Hi
I have an OS X.6 server on which I’m running Open Directory. In Server Admin, under Overview, Kerberos is showing as stopped.
I can see the Kerberize button, but it doesn’t seem to accept the credentials I’m feeding it. In the Configuration log I see:

2011-08-28 00:00:16 +0100 – slapconfig -kerberize
2011-08-28 00:00:16 +0100 – Error: Incorrect username or password. You must enter a directory domain administrator username and password.

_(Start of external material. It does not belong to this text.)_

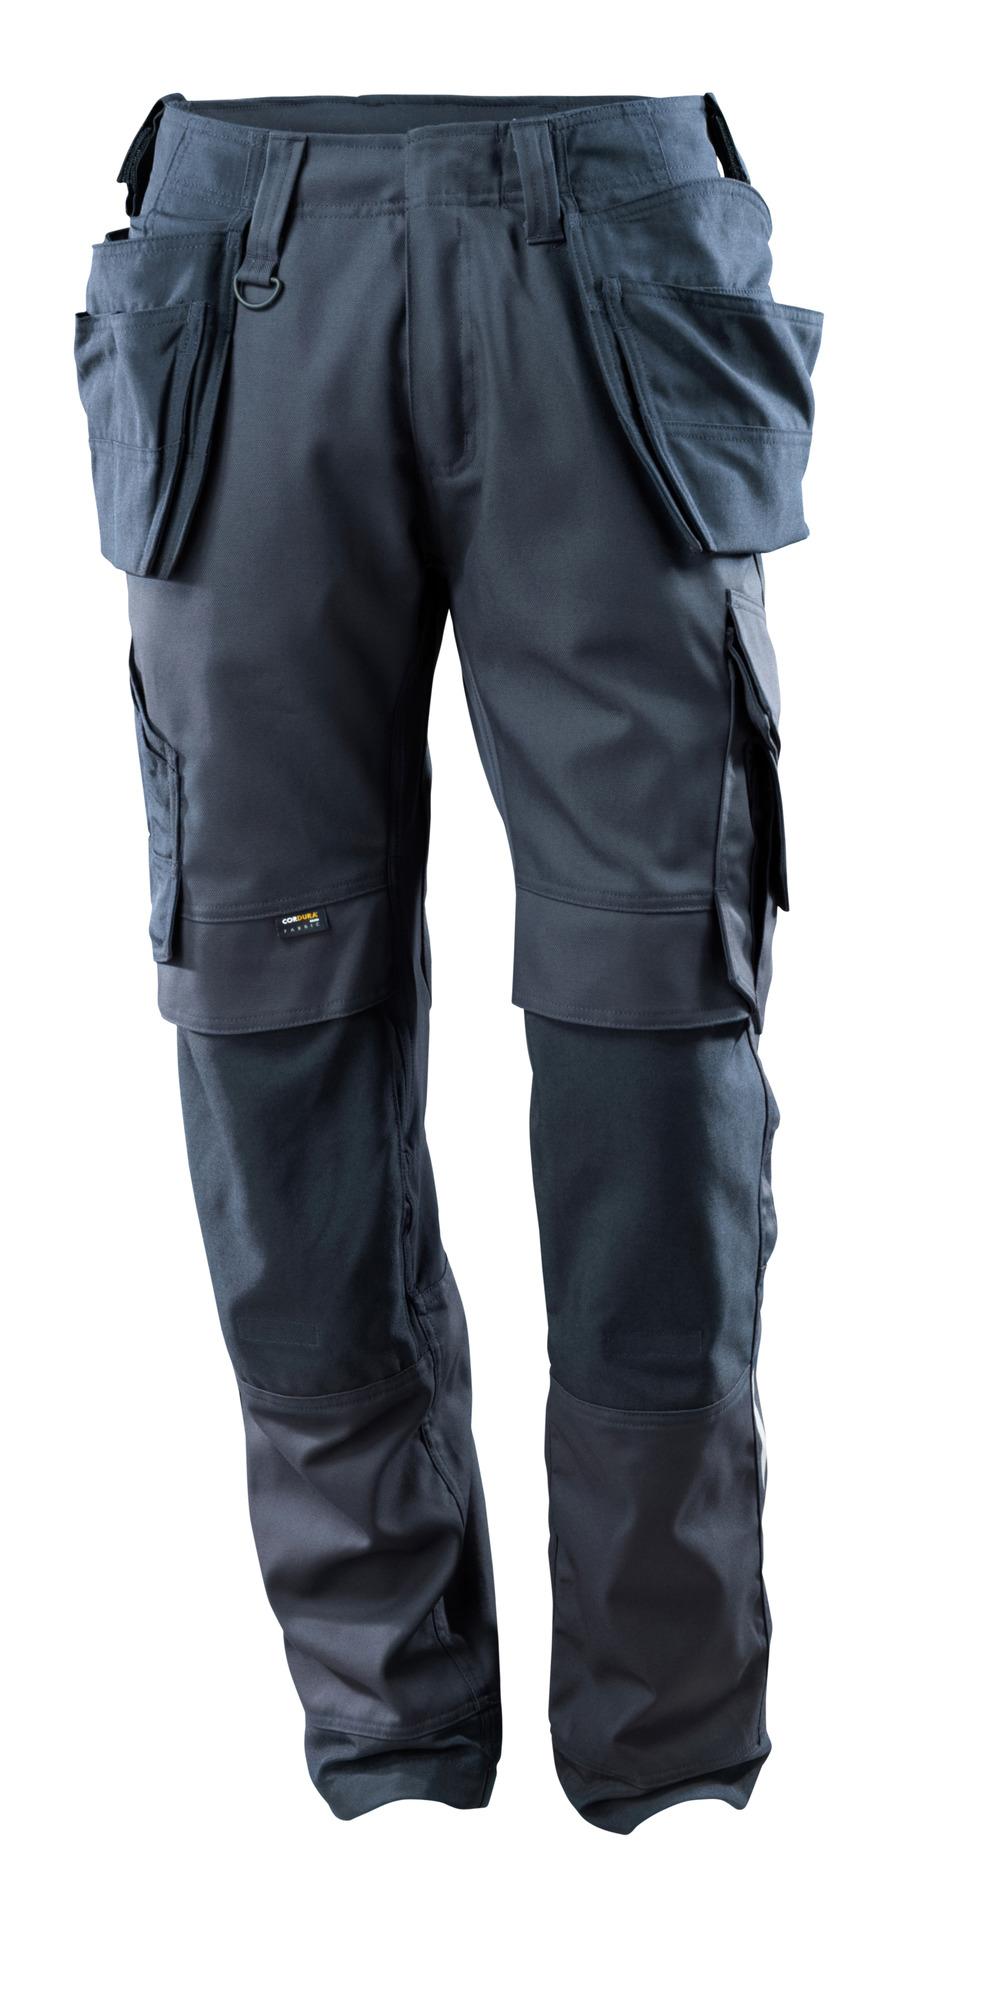 15031-010-010 Byxor med knä- och hängfickor - mörk marin
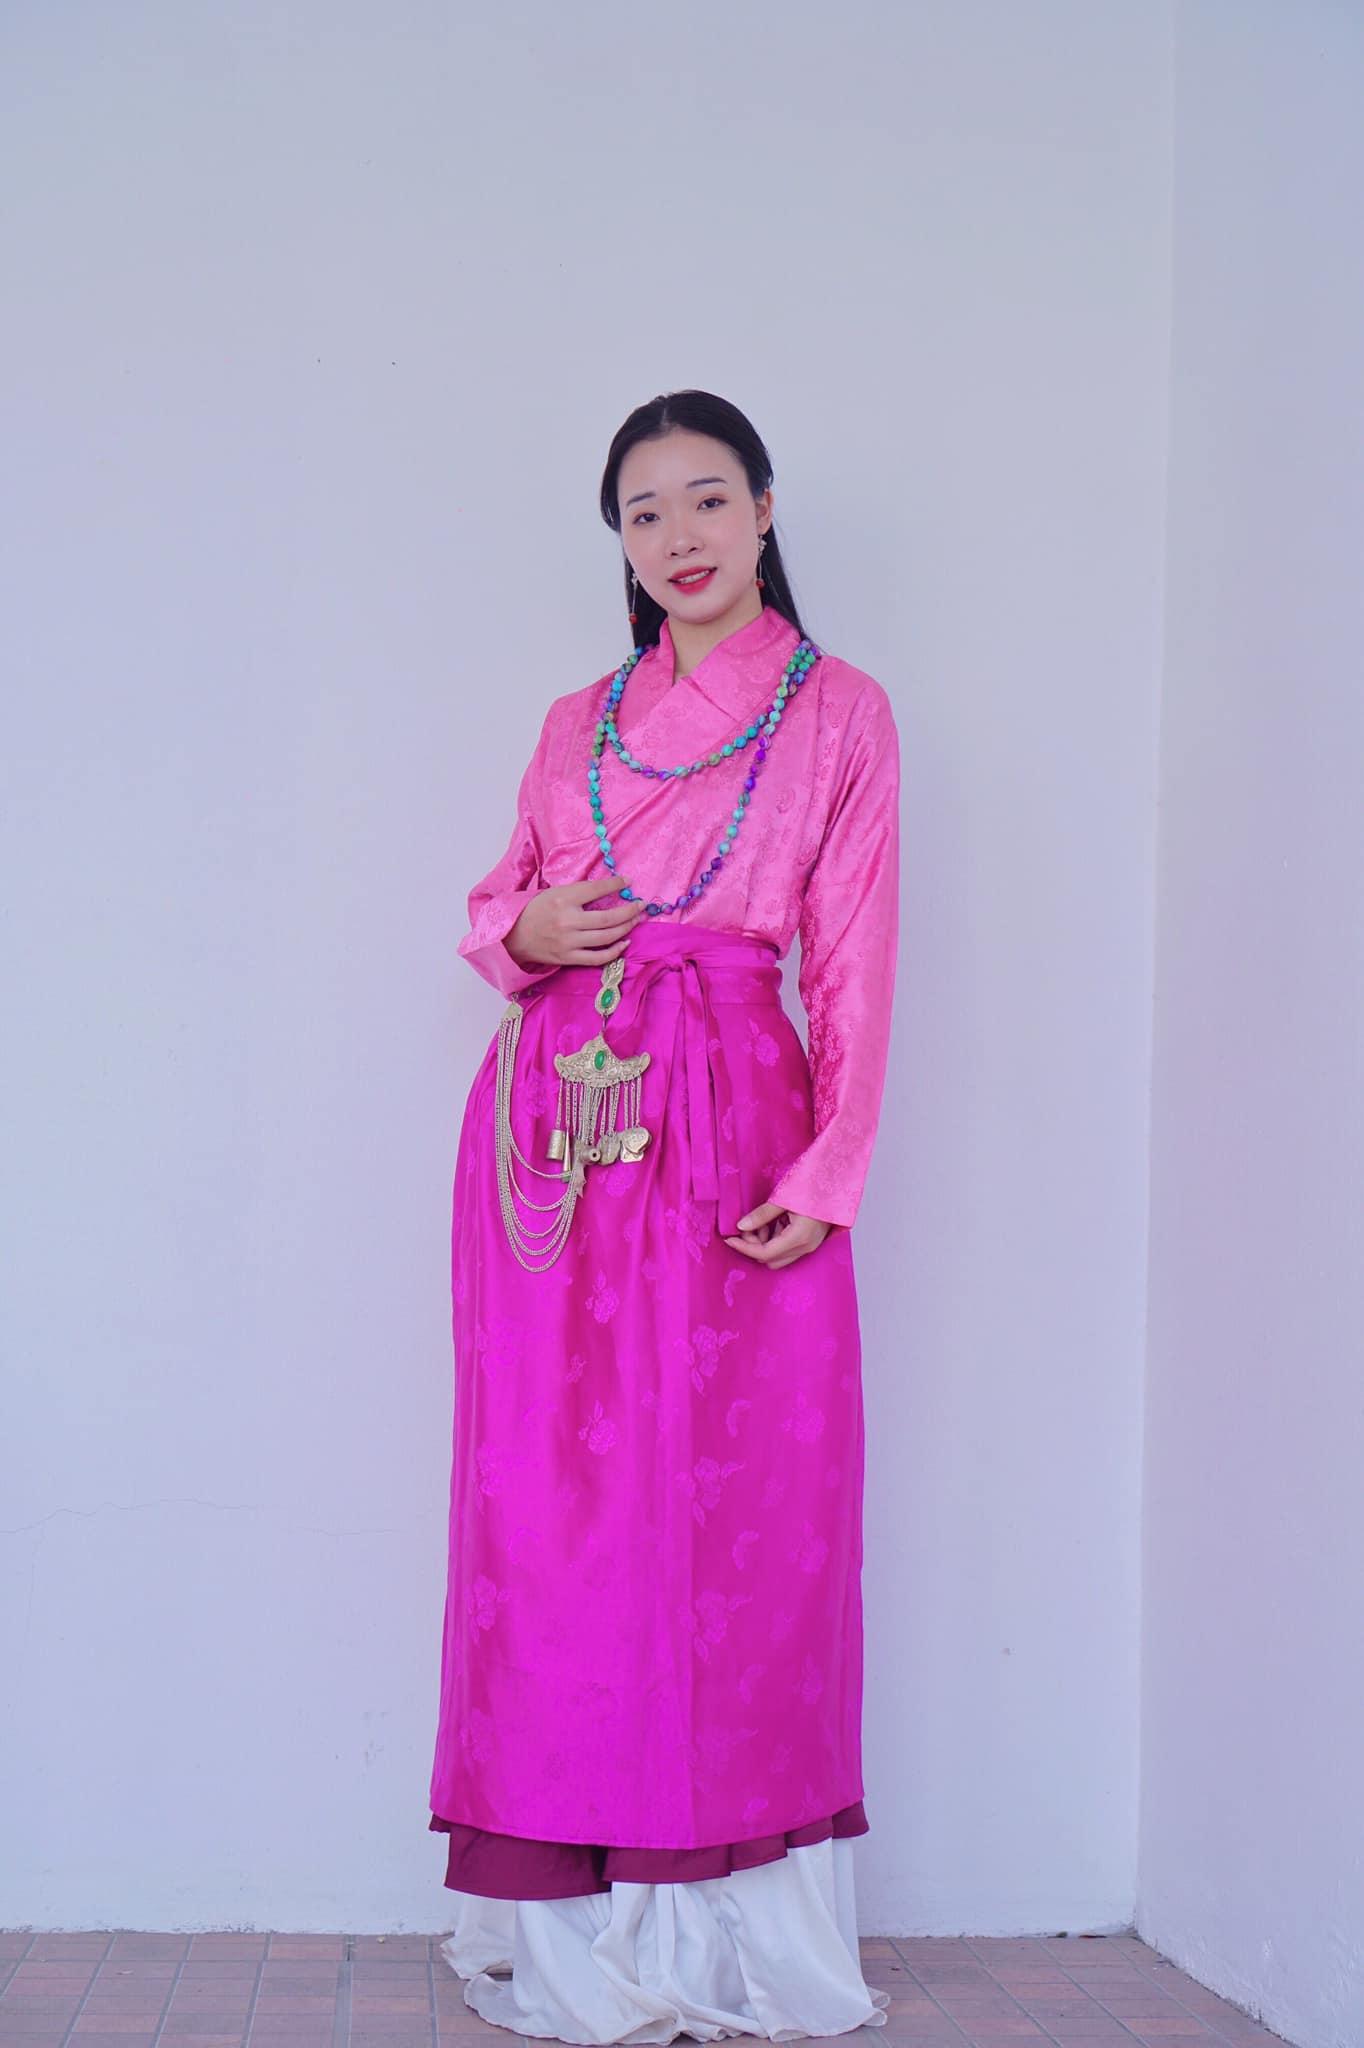 Cổ phục Việt lưu giữ tinh hoa văn hóa dân tộc - Ảnh 2.

The Kerberos server log includes these two entries:
Aug 24 17:27:45 odmaster.gp.lan krb5kdc[45](info): AS_REQ (7 etypes {18 17 16 23 1 3 2}) 172.17.28.2: ISSUE: authtime 1314203265, etypes {rep=18 tkt=16 ses=18}, [email protected] for krbtgt/[email protected]
Aug 24 17:27:52 odmaster.gp.lan krb5kdc[45](info): AS_REQ (7 etypes {18 17 16 23 1 3 2}) 172.17.28.2: NEEDED_PREAUTH: [email protected] for krbtgt/[email protected], Additional pre-authentication required

In WorkGroup Manager, I can’t authenticate as diradmin when I try and connect, but after authenticating with the server admin account I can unlock the directory with the diradmin credentials.

changeip -checkhostname checks out OK.
host gives me the expected result whether I feed it the IP or the FQDN.

If I demote to a standalone server and promte back to an OD Master, everything seems to be in working order. Then I import the archive I did before demotion and then Kerberos stops again.
Same result If I reinstall the OS from scratch.

I guess, then, that something that ends up in the archive is tripping me up. Any idea how to troubleshoot/figure out which bit?
Or, is there a way to export Users and Groups with passwords intact in a way that I can re-import them after the Standalone-Master shuffle?